Weekly Market Highlights Review: MOVE Crash and Underlying Manipulation in Web3, AI and PayFi Entering Acceleration Phase
This week, the cryptocurrency market has seen a strong rebound, with significant gains in Ethereum’s ecosystem and AI-related projects, both exceeding 20%. However, internal turmoil has resurfaced within the industry, as a certain project experienced a price collapse due to issues with its market-making agreement, involving multiple parties in the manipulation, which has sparked a reflection on industry ethics and regulation. Meanwhile, the AI and payment finance sectors are accelerating their development, with a public chain promoting new standards and several trading platforms laying out payment ecosystems. Coupled with policy trends, this suggests that the cryptocurrency market is facing a new round of reshuffling and opportunities.
1. Project Event - Market Making Agreement Triggered Collapse
A certain project was suspended from trading and its airdrop was delayed this week, becoming a focal point of public opinion once again. This project previously raised over $40 million and was selected for a cryptocurrency investment portfolio supported by a certain political figure.
The manipulation suspicion is the core of the event, involving a market-making agreement between a certain company and the project foundation, which is accused of incentivizing price manipulation. According to media reports, the contract between the foundation and the market maker grants the latter control over about half of the circulating tokens and incentivizes it to inflate the token valuation to $5 billion before selling for profit. As a result, on the next day after the launch, 66 million tokens (worth $38 million) were sold off, causing a sharp drop in the token price.
After the incident broke out, the project party shifted responsibility with the market makers and founders. Currently, the project has entrusted a third-party agency to investigate the market-making anomalies, and several executives and legal advisors are under scrutiny, severely challenging the project’s credibility and governance.

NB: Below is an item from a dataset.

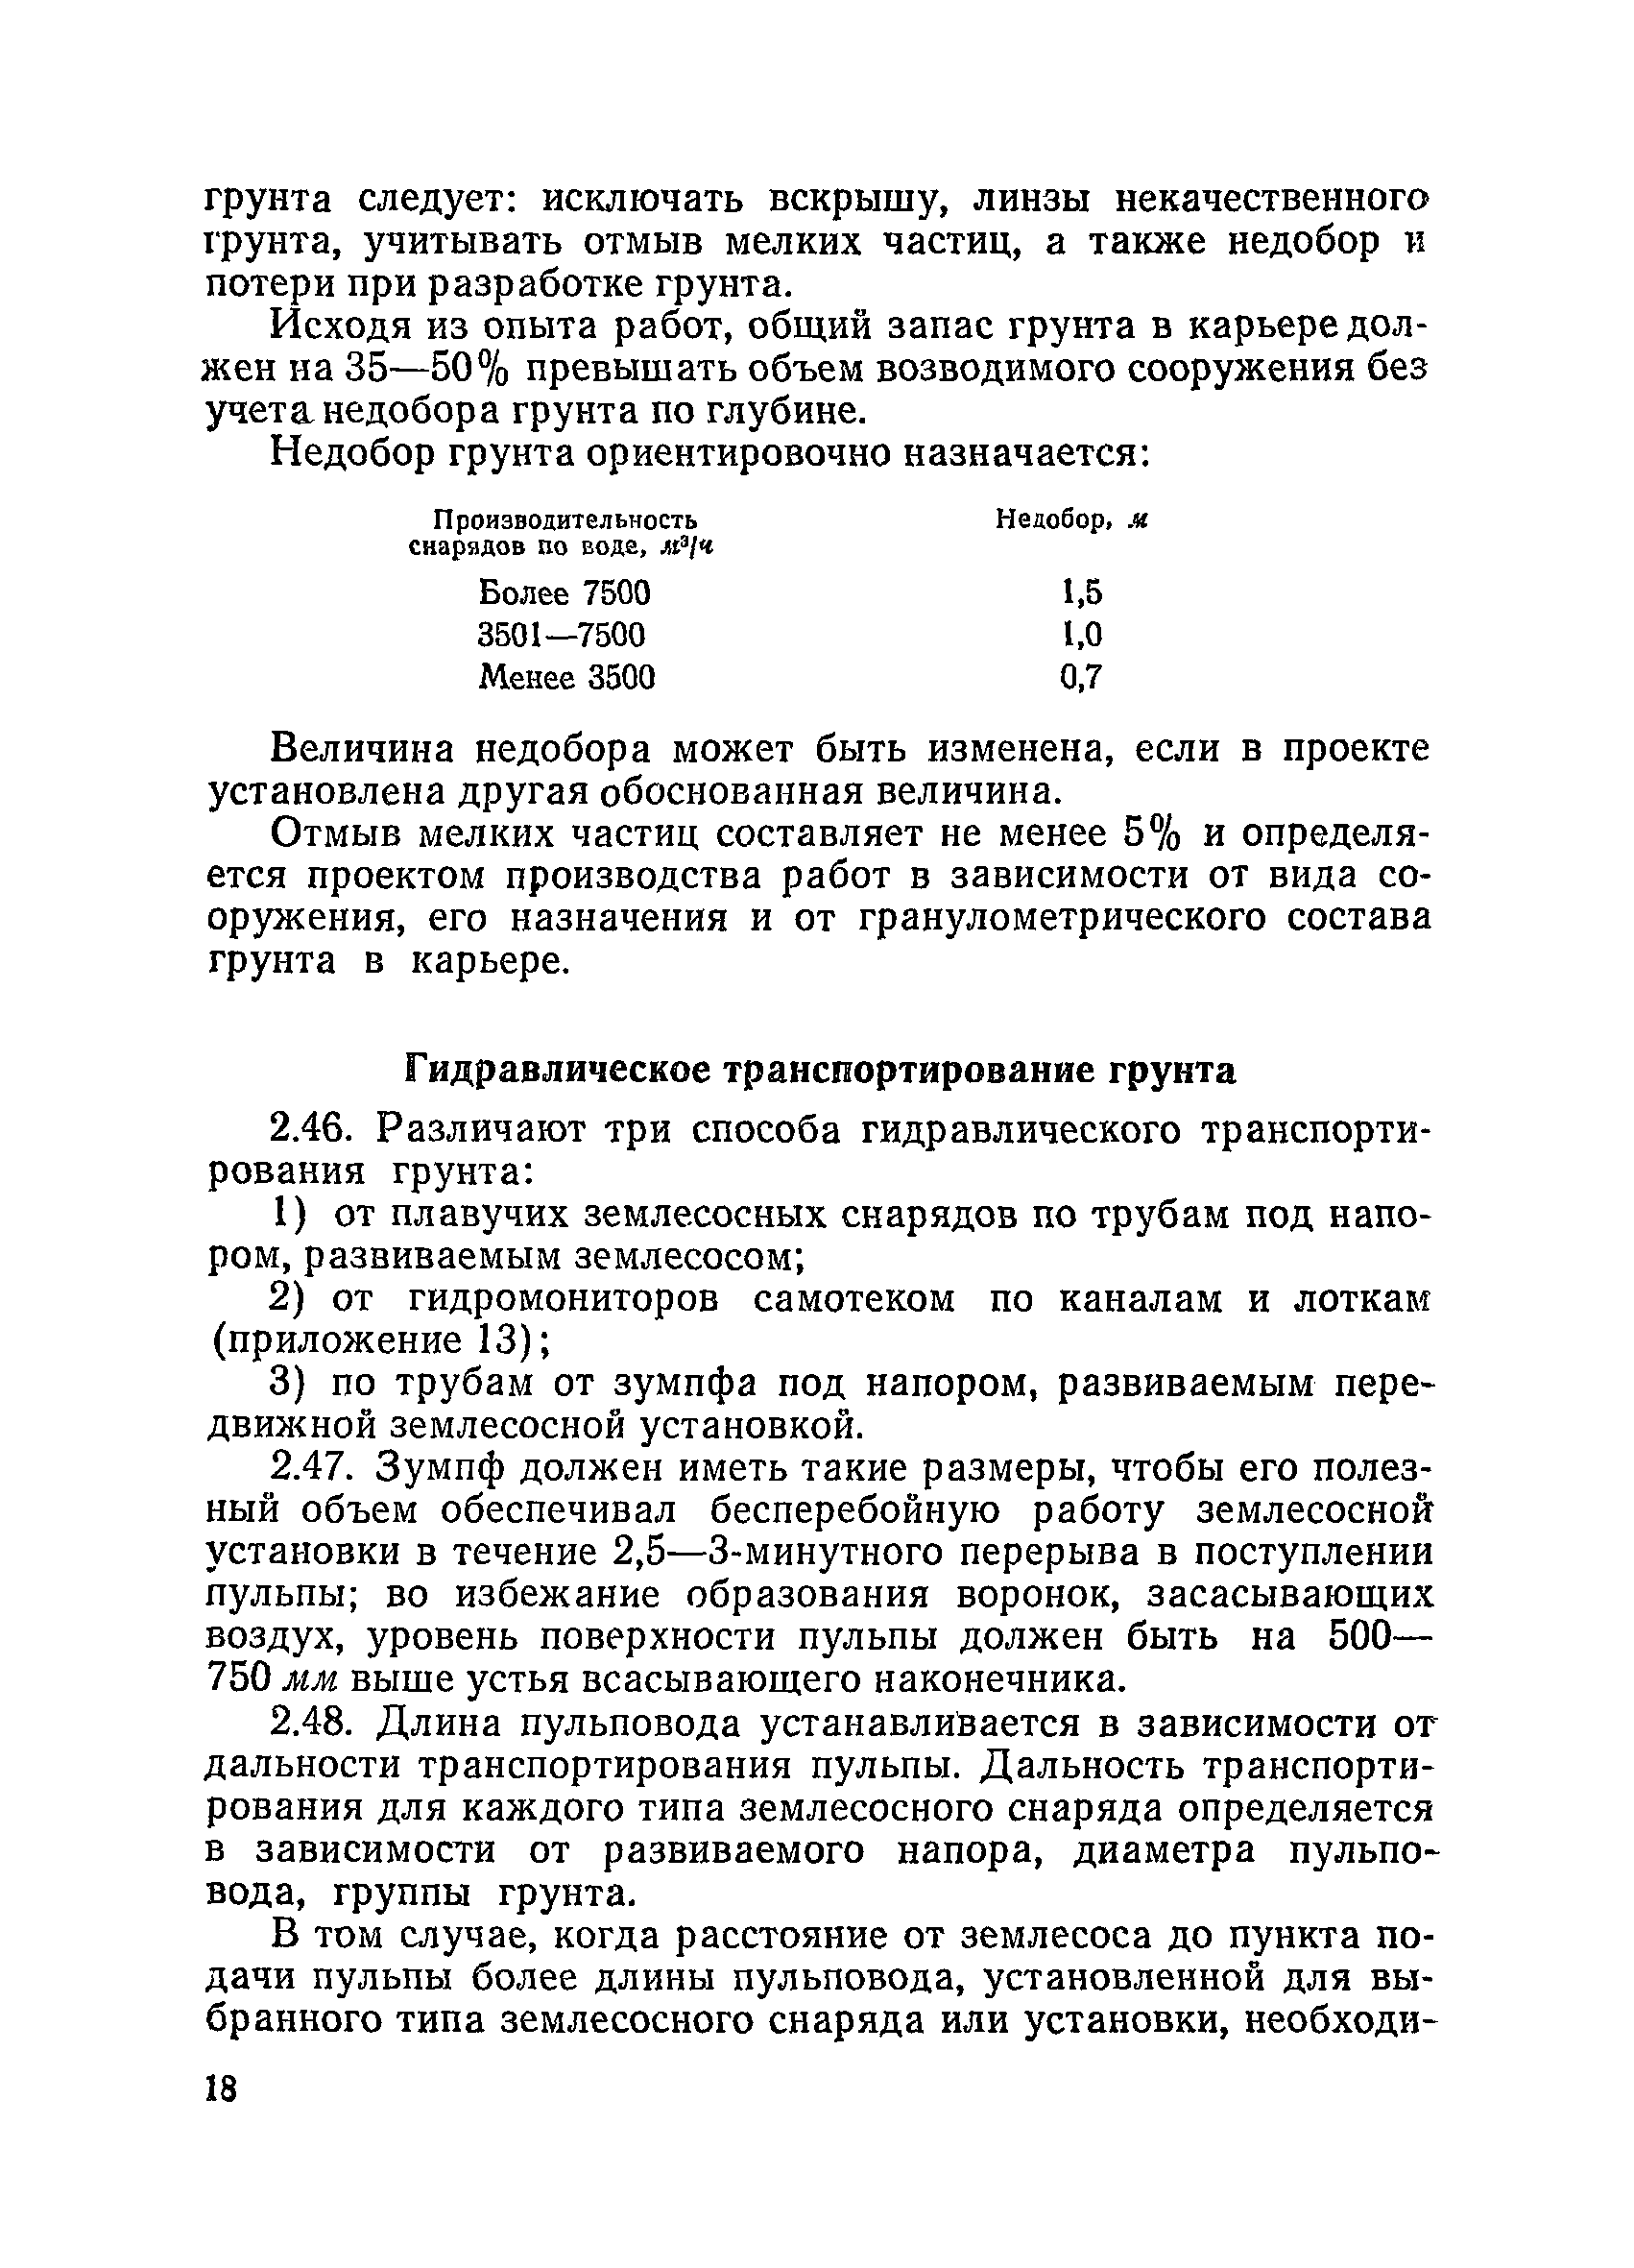 ВСН 34/III-72

This incident has exposed in detail the issues of inadequate regulation of market-making mechanisms and the lack of transparency in the legal framework for the first time. In theory, market makers should provide liquidity for new tokens, maintaining price stability and market depth. However, in practice, if there is a lack of regulatory or transparent mechanisms, market makers may be exploited as tools to manipulate the market and covertly transfer large amounts of tokens, harming the rights of ordinary investors and disrupting market fairness.
2. AI and Payment Finance
This week, a certain public blockchain officially launched a new protocol and AI support plan, aiming to provide developers with a standardized and secure AI integration framework, promote AI innovation in the Web3 ecosystem, and address blockchain data access and security challenges. The public blockchain will support the development of AI projects through hackathons, AI agent solutions, and incubator programs.
2024 is a breakthrough year for AI company financing. Nearly one-third of global venture capital is flowing into AI-related fields, making it the leading financing sector. Data shows that AI-related companies raised over $100 billion, a year-on-year increase of more than 80%, surpassing every year of the past decade.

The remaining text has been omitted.